» Aim of the task:
Every line below from the one containing "View from within" through the one containing "elephant mascot logo" must be transcribed exactly. Omit all lines outside that stretch.

» Working data:
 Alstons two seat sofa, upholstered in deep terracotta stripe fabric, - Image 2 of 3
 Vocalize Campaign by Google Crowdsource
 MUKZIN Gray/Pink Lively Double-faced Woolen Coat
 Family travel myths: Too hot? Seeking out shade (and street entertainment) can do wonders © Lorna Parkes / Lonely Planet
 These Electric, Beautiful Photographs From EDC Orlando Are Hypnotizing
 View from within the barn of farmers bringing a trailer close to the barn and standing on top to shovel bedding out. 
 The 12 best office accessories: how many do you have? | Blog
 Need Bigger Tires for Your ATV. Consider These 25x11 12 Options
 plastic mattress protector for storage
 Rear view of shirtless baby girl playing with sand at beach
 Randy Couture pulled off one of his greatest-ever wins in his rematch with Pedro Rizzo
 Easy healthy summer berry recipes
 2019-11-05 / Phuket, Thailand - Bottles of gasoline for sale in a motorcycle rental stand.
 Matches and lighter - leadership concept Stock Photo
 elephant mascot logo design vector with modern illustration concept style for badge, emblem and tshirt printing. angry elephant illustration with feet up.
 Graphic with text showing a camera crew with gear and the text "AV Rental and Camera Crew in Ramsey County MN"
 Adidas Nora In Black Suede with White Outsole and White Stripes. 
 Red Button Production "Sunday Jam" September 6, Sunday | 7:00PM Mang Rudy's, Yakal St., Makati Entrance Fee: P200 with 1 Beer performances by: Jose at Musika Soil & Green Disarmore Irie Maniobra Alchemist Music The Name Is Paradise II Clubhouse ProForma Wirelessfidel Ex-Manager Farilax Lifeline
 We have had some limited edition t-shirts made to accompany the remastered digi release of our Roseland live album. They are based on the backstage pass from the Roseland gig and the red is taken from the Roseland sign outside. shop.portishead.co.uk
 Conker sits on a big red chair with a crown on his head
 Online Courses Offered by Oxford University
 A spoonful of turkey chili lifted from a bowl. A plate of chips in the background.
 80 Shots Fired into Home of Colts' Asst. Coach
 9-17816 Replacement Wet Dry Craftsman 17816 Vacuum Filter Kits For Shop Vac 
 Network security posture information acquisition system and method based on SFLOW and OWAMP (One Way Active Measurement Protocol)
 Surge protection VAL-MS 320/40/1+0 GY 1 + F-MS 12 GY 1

» Written reply:
 View from within the barn of farmers bringing a trailer close to the barn and standing on top to shovel bedding out. 
 The 12 best office accessories: how many do you have? | Blog
 Need Bigger Tires for Your ATV. Consider These 25x11 12 Options
 plastic mattress protector for storage
 Rear view of shirtless baby girl playing with sand at beach
 Randy Couture pulled off one of his greatest-ever wins in his rematch with Pedro Rizzo
 Easy healthy summer berry recipes
 2019-11-05 / Phuket, Thailand - Bottles of gasoline for sale in a motorcycle rental stand.
 Matches and lighter - leadership concept Stock Photo
 elephant mascot logo design vector with modern illustration concept style for badge, emblem and tshirt printing. angry elephant illustration with feet up.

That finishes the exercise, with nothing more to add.